On June 23rd, voters across the country will decide on the future of our relationship with the European Union. This is a crucial moment in our nation’s history and I’m convinced that we are better off in the EU. Our membership of the European Union makes us better able to tackle international cross-border issues like climate change.
Climate change is one of the greatest threats to the world we leave behind to our children and grandchildren. Along with issues such as securing workers’ rights and international people smuggling, our success in tackling climate change depends on our ability to work closely with those around us.

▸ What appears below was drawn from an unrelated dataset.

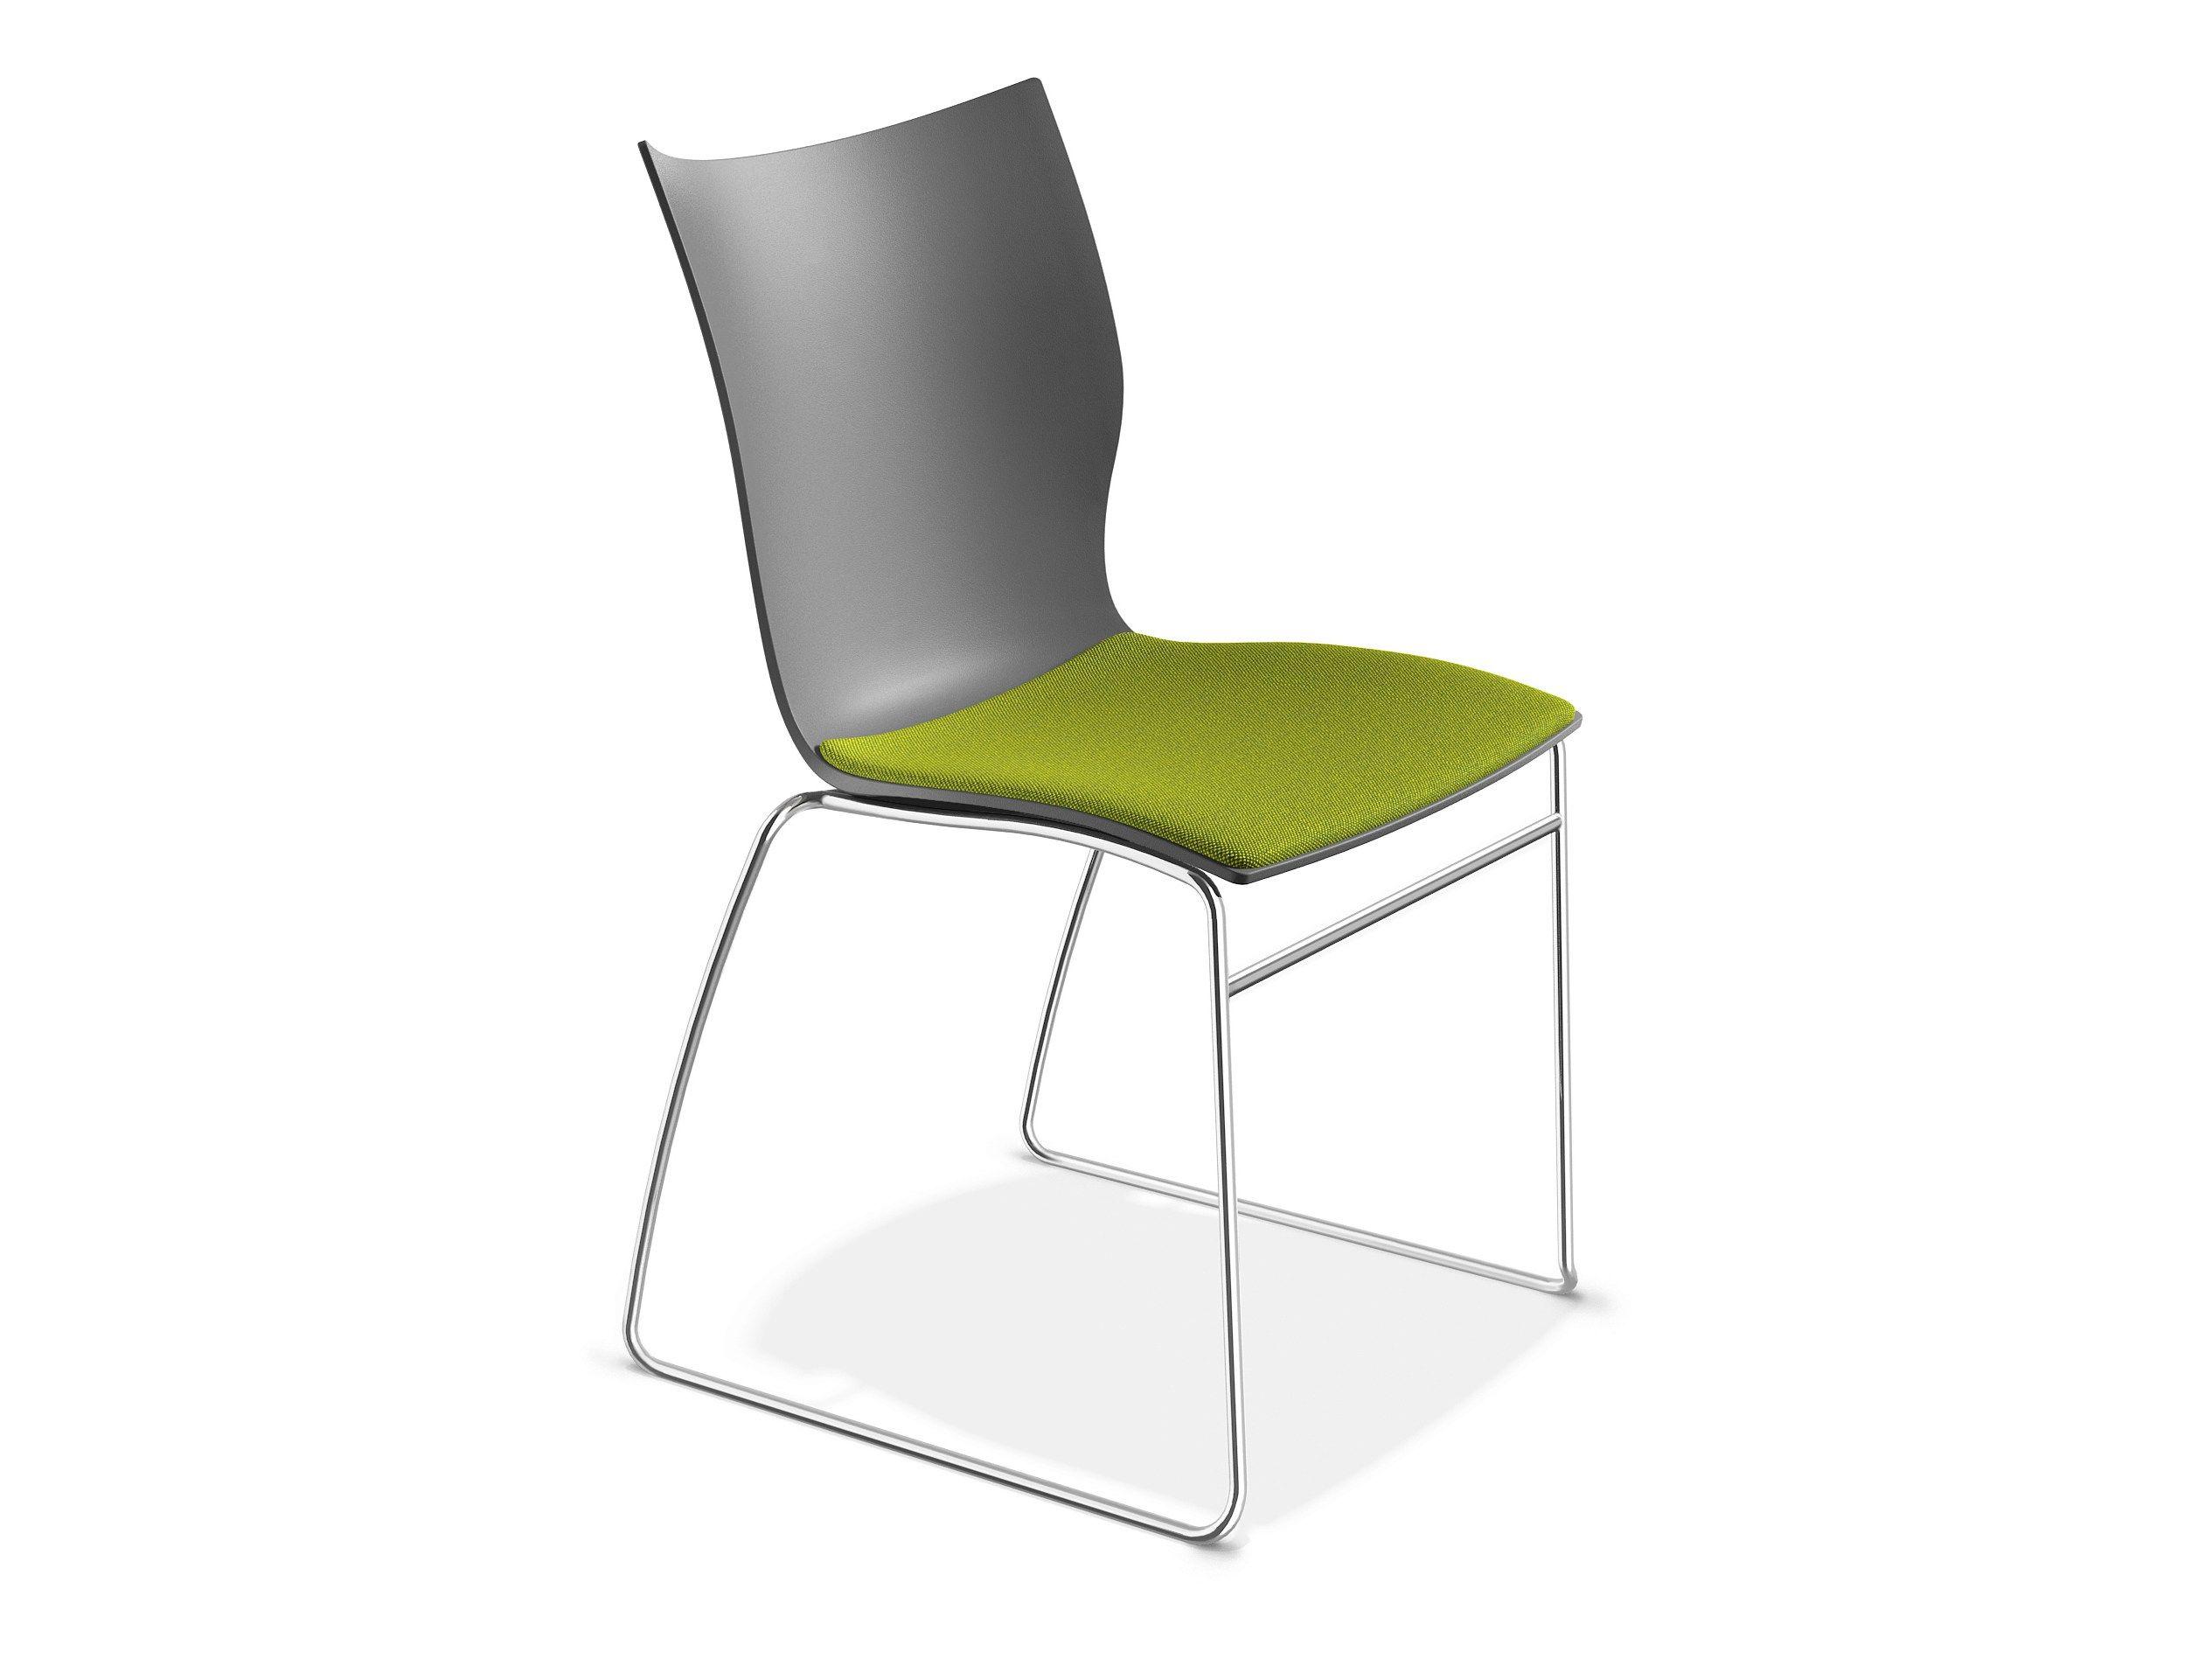 ONYX I Plastic chair by Casala design Kommer Kors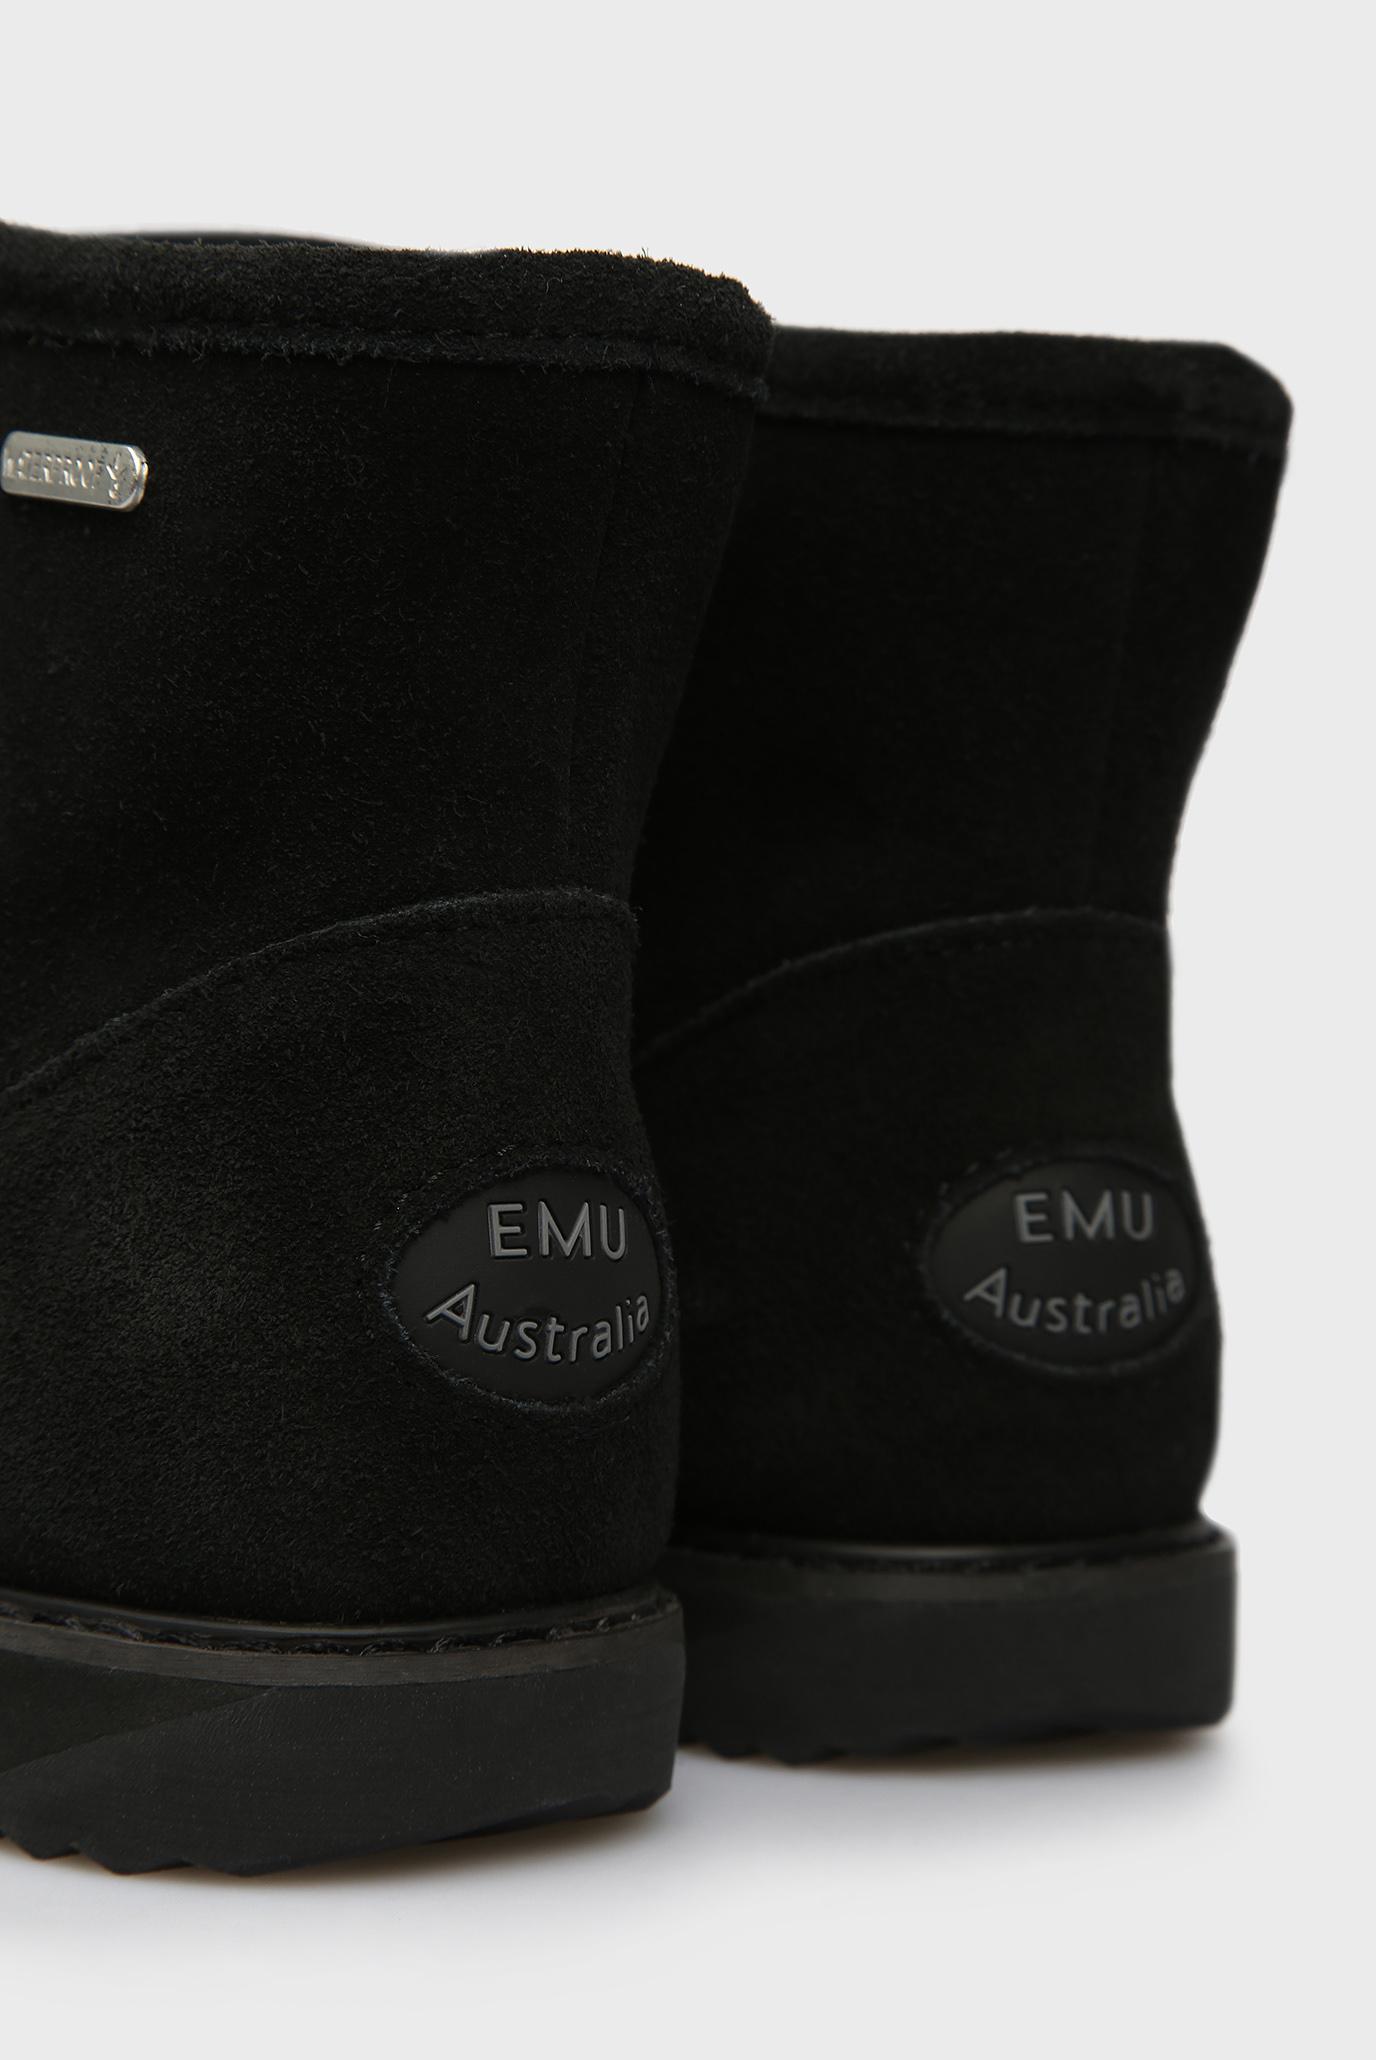 Купить Женские черные замшевые угги Paterson Classic Mini EMU Australia  EMU Australia  W11619 – Киев, Украина. Цены в интернет магазине MD Fashion

Whether it’s air pollution or threats to migrating species, the effects of climate change cross borders and demand an international response.
The European Union has been at the forefront of this international cooperation by setting some of the most ambitious climate targets in the world. By 2030, the EU has committed to reducing greenhouse gas emissions by 40% compared to 1990 levels and to producing at least 27% of its energy through renewables. The European Union Natura 2000 program is the largest network of conservation areas in the world, covering 18% of all mainland Europe.
As a result, both the Royal Society for the Protection of Birds and the World Wildlife Fund have both called for Britain to remain in the EU to help protect our environment. They argue that ‘the UK’s membership of the EU has benefited nature and the environment in ways that would be hard to replicate if we left’.
More than that, if we vote to leave the EU, we’ll be relying on David Cameron and the Tories to protect our environment. From cancelling £1 billion worth of Carbon Capture and Storage (CCS) technology investment to cutting subsidies for solar power and supporting fracking, this Government’s record on environmental protections is not promising.
Almost all environmental activists and charities agree that separating from the EU would leave the UK tackling the greatest global issue of our time isolated from the rest of the world.